Atmospheric and oceanic dust fluxes in the northeastern tropical Atlantic Ocean: how close a coupling?

A. Bory1,2, F. Dulac1, C. Moulin1, I. Chiapello3,4, P. P. Newton1,5, W. Guelle1, C. E. Lambert1, and G. Bergametti3
1Laboratoire des Sciences du Climat et de l’Environnement, 91198 Gif-sur-Yvette, France
2Lamont-Doherty Earth Observatory of Columbia University, Palisades, NY 10964, USA
3Laboratoire Inter-Universitaire des Systèmes Atmosphériques, Faculté des Sciences et Technologies, 94010 Créteil, France
4Laboratoire d’Optique Atmosphérique, Université des Sciences et Technologies de Lille 59 655 Villeneuve d’Ascq Cedex, France
5School of Biological and Molecular Sciences, Oxford Brookes University, Headington, Oxford OX3 0BP, UK
Correspondence to: A. Bory (bory@ldeo.columbia.edu)
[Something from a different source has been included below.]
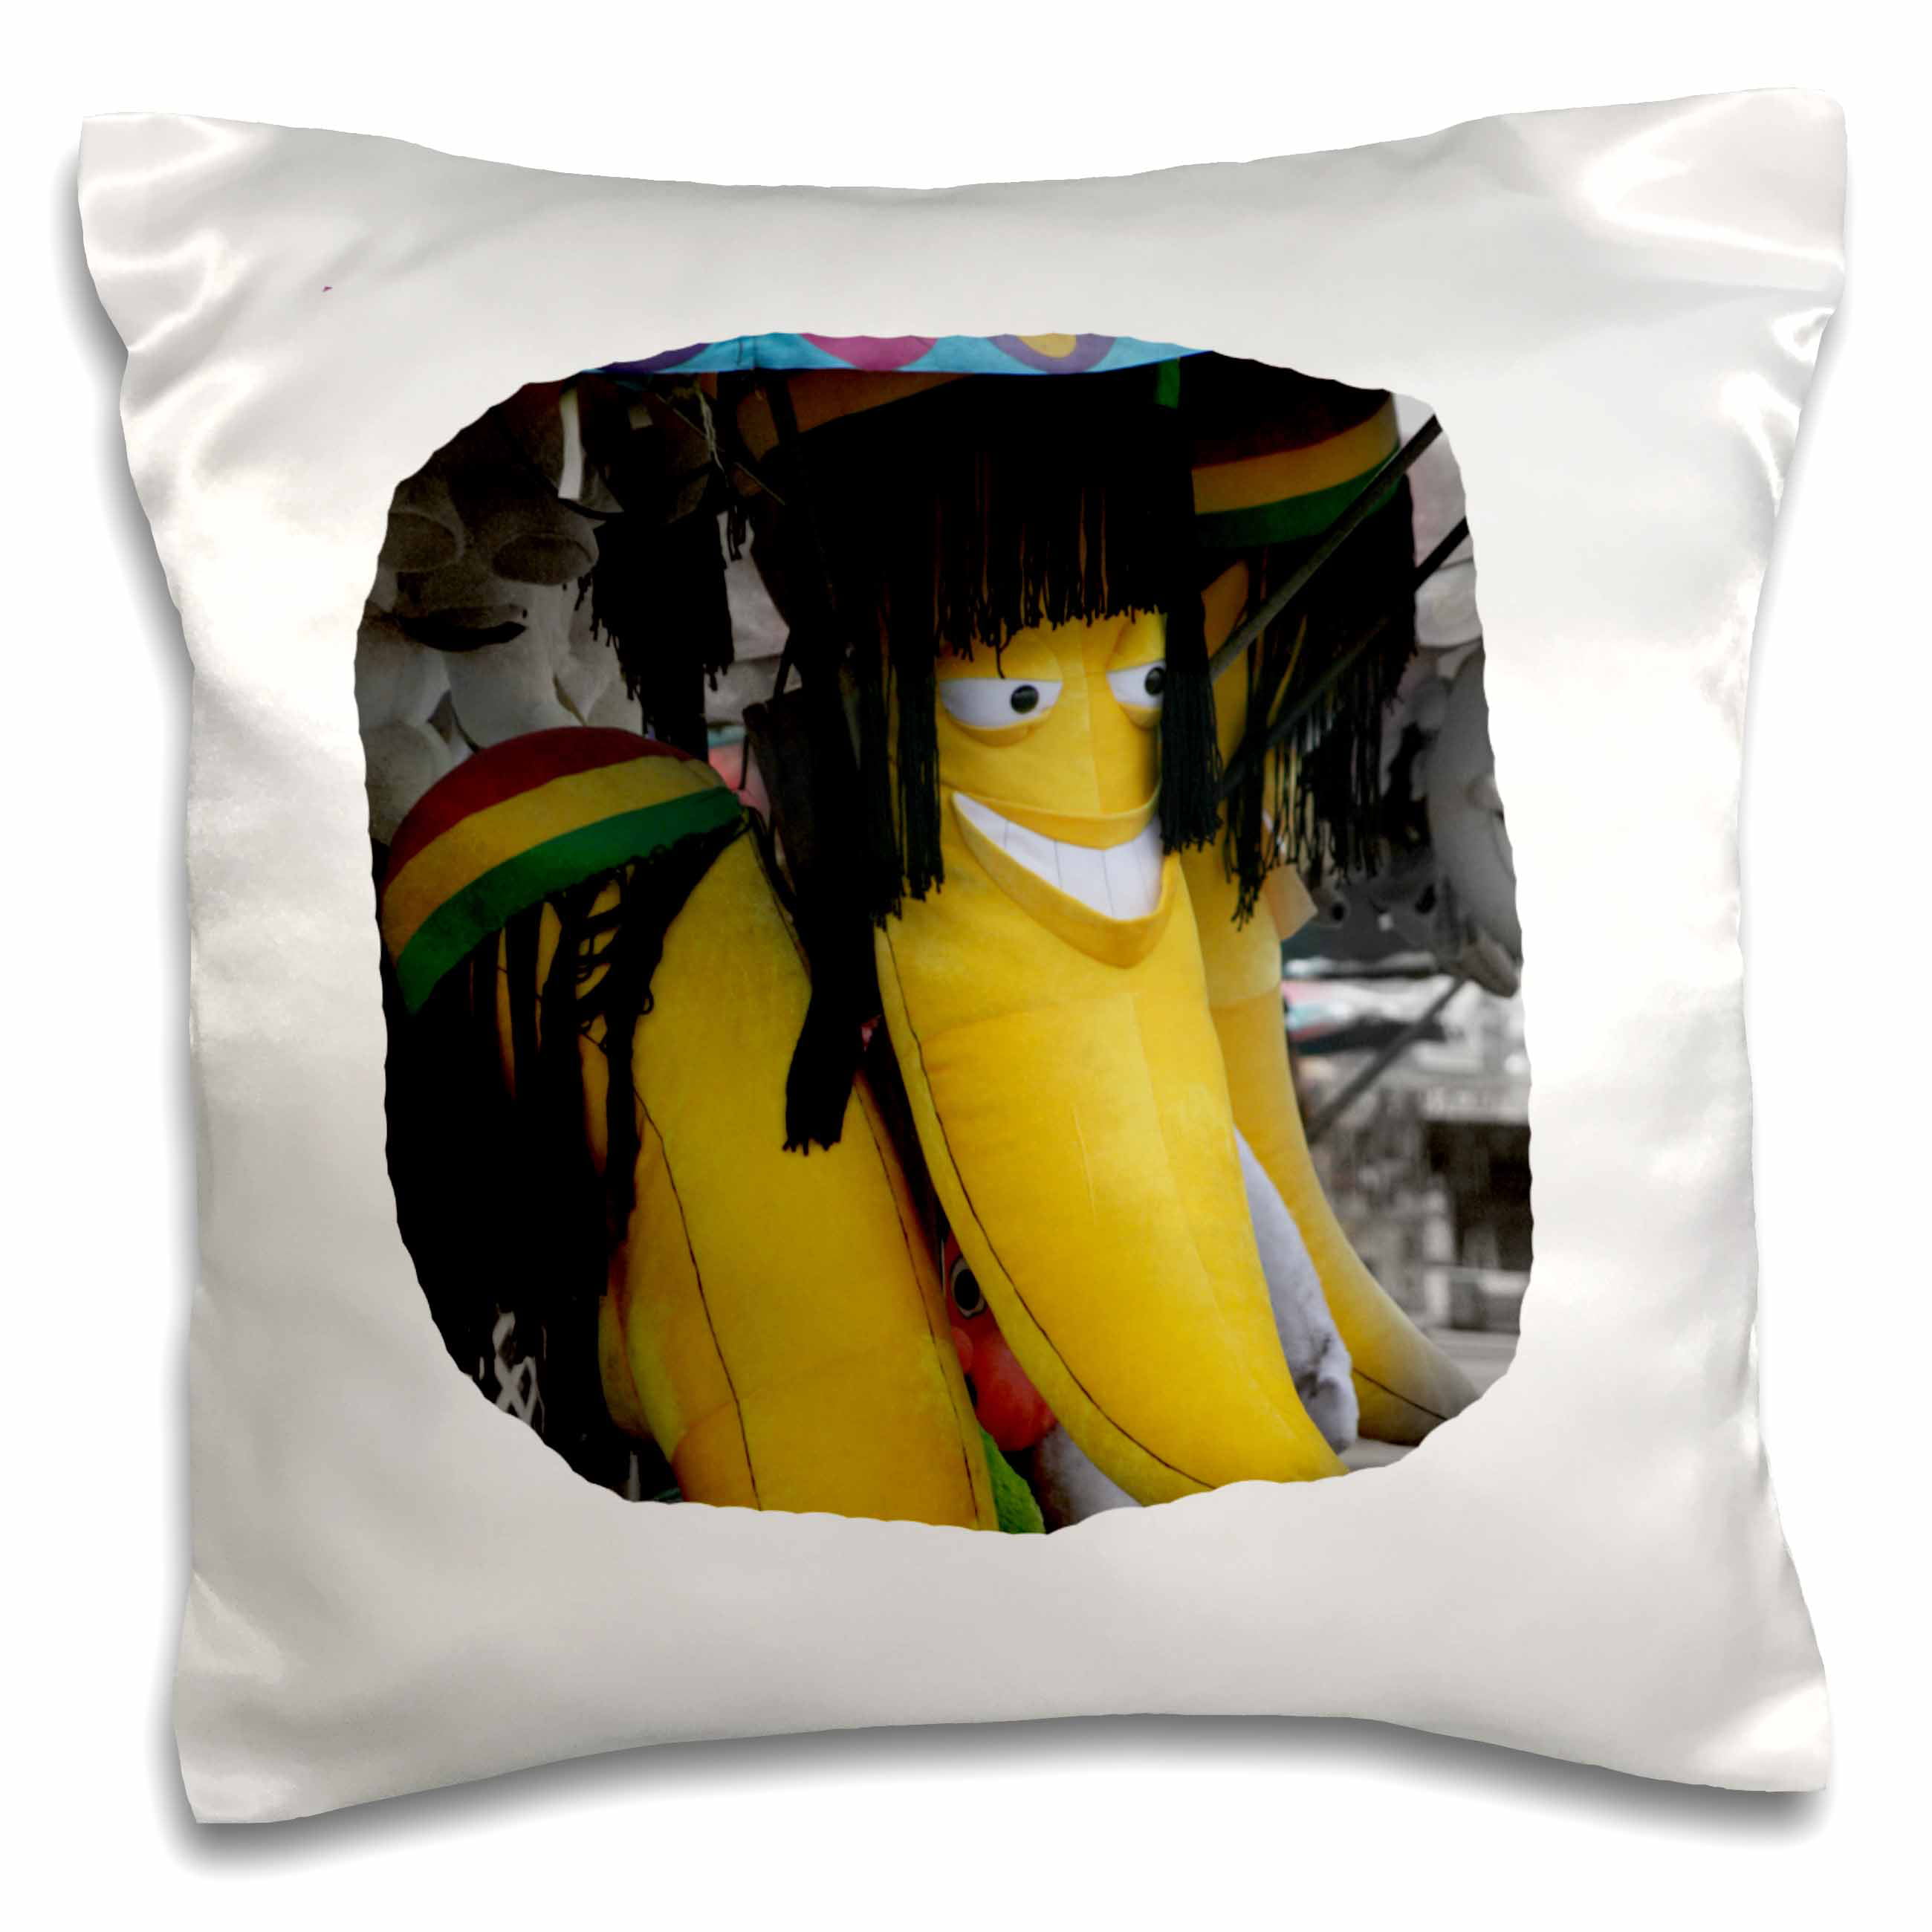 35CM Cute Plush Toys Banana Pillow Sleeping Plush Cute Banana Doll, ZQSM Plush Toys Banana Pillow Long Throw Pillows
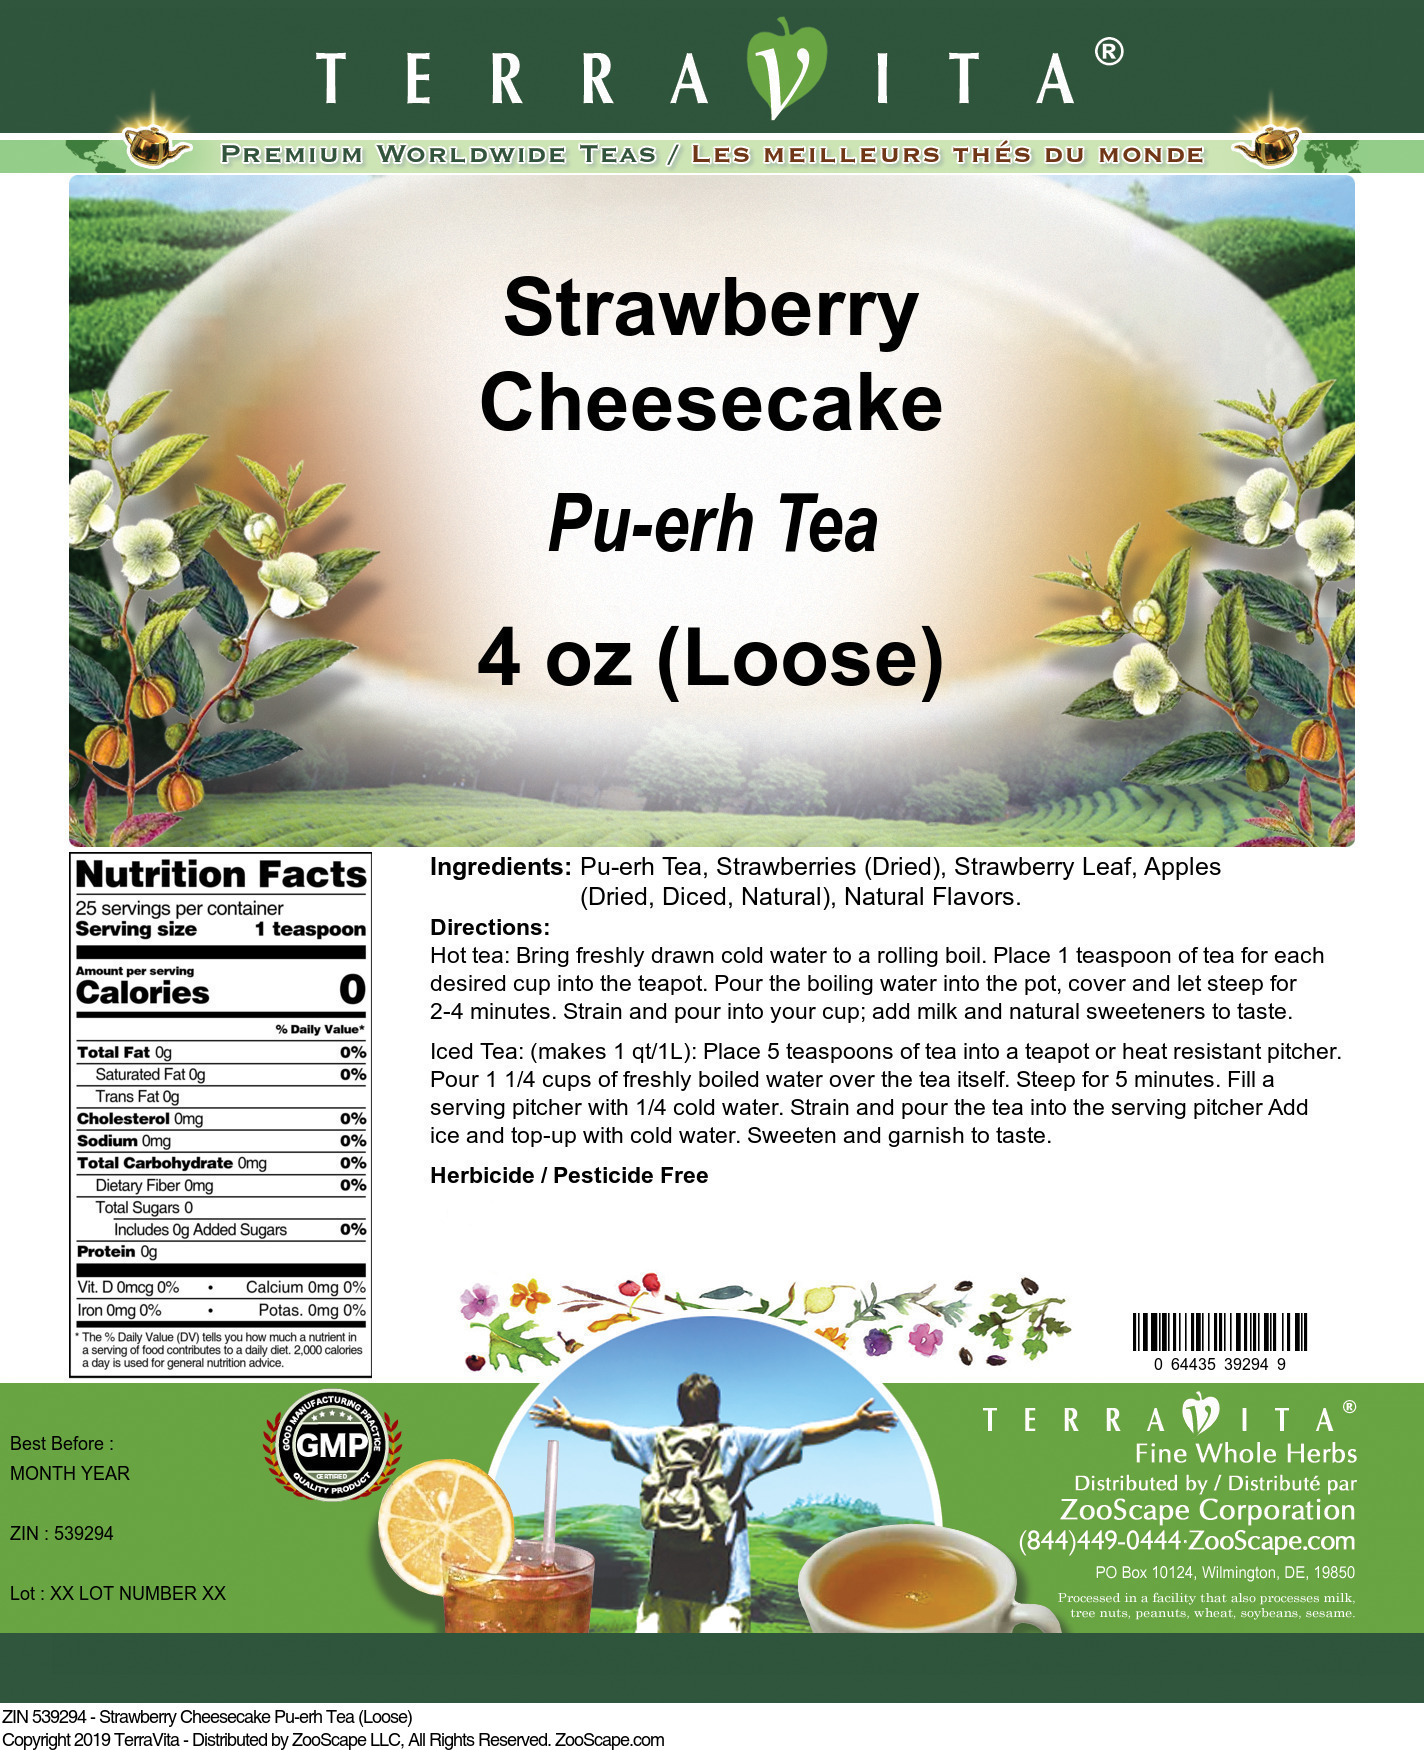 Strawberry Cheesecake Pu-erh Tea (Loose) - Label

Abstract. Atmospheric inputs to the ocean of dust originating from Africa are compared with downward dust flux in the oceanic water column. Atmospheric fluxes were estimated using remote-sensing-derived dust optical thickness and parameters from a transport/deposition model (TM2z). Oceanic fluxes were measured directly over/in two regions of contrasting primary productivity of the northeastern tropical Atlantic (one mesotrophic and one oligotrophic, located at about 500 and 1500 km off Mauritania) underlying the offshore dust plume. In both regions, estimates of annual atmospheric dust inputs to the ocean surface are lower than, but of the same order of magnitude as, oceanic fluxes (49.5 and 8.8 mg.m-2 .d-1 in the mesotrophic and oligotrophic regions). Part of this mismatch may reflect both a general flaw in the dust grain size distribution used in transport models, which likely underestimates large particles, and/or lateral advection to each region of dustier surface waters from upstream, where dust deposition is higher. Higher-frequency temporal coupling between atmospheric and oceanic fluxes seems to be primary-productivity dependent, as hypothesized in previously reported studies.

Key words. Atmospheric composition and structure (aerosols and particles; geochemical cycles) Oceanography: biological and chemical (geochemistry)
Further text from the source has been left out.